Despite their clear advantages, the broad use of carbenes has been limited by problems with traditional starting materials. Common reagents, such as diazo compounds (which contain two nitrogen atoms linked together) and gem-diiodoalkanes (alkanes with two iodine atoms attached to the same carbon), are often unsafe and may not work well with various functional groups. Also, the excessively reactive carbenes can cause unwanted reactions. Therefore, controlling this strong reactivity and achieving selective results remain major challenges for chemists.
In response to these challenges, this seminar highlights state-of-the-art strategies intended to overcome these long-standing limitations. First, recent advances covering two fundamental pillars of this field will be discussed: (1) the development of highly versatile carbene generation methods that bypass hazardous precursors,1 and (2) the accurate control of carbene reactivity through advanced catalytic systems.2, 3 These modern protocols allow for unrivaled precision in maneuvering complex molecular environments.

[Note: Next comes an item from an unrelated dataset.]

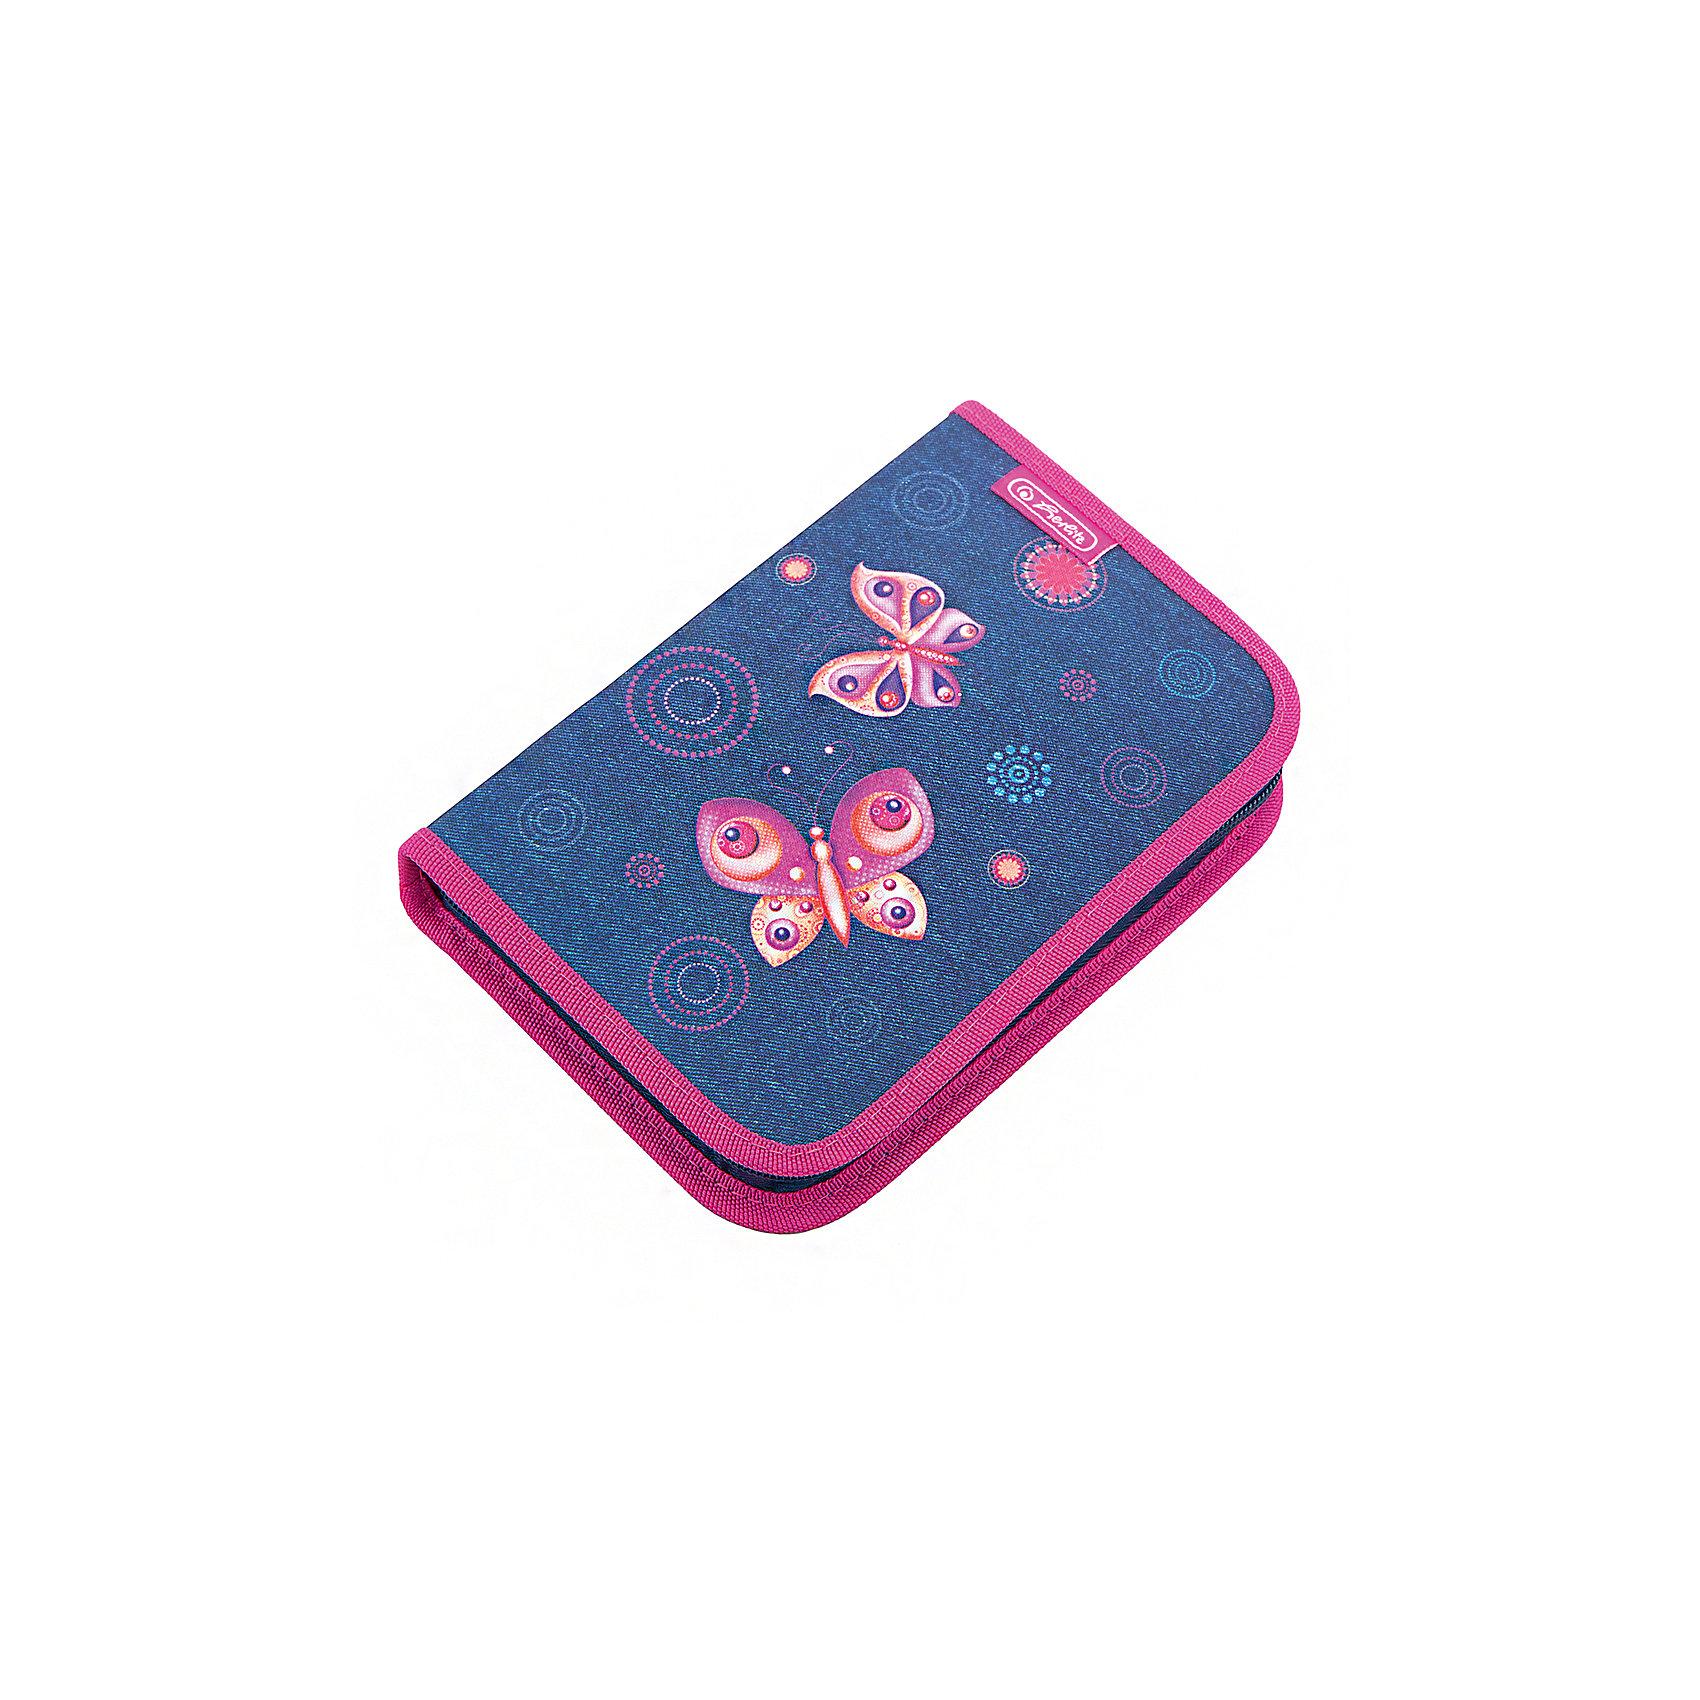 Herlitz Пенал с наполнением 31 предмет, Butterfly DreamsПеналы с наполнением<br>Пенал с наполнением  Butterfly Dreams<br>31 предмет<br>Описание:<br>- 20,5х14х3,5<br>- 1 отделение, 2 откидные створки<br>- прочный кант, жесткая обложка<br>Наполнение:<br>- 1 шариковая ручка,<br>- 2 чернографитных карандаша,<br>- 8 цветных карандашей, 14 фломастеров<br>- линейка и угольник, ластик и точилка,<br>- расписание уроков на русском языке,<br>- личные данные ученика<br><br>Ширина мм: 140<br>Глубина мм: 205<br>Высота мм: 35<br>Вес г: 326<br>Возраст от месяцев: 72<br>Возраст до месяцев: 120<br>Пол: Женский<br>Возраст: Детский<br>SKU: 5595074

Progressing from these advances, the expanding role of carbenes in the fast-growing field of "skeletal editing" will be explored.4 Unlike classic peripheral functionalization, skeletal editing allows direct manipulation of core molecular frameworks. I will introduce recent landmark examples exhibiting how carbene intermediates are uniquely suited for these demanding transformations, thereby reshaping the logic of molecular synthesis and unlocking new chemical space.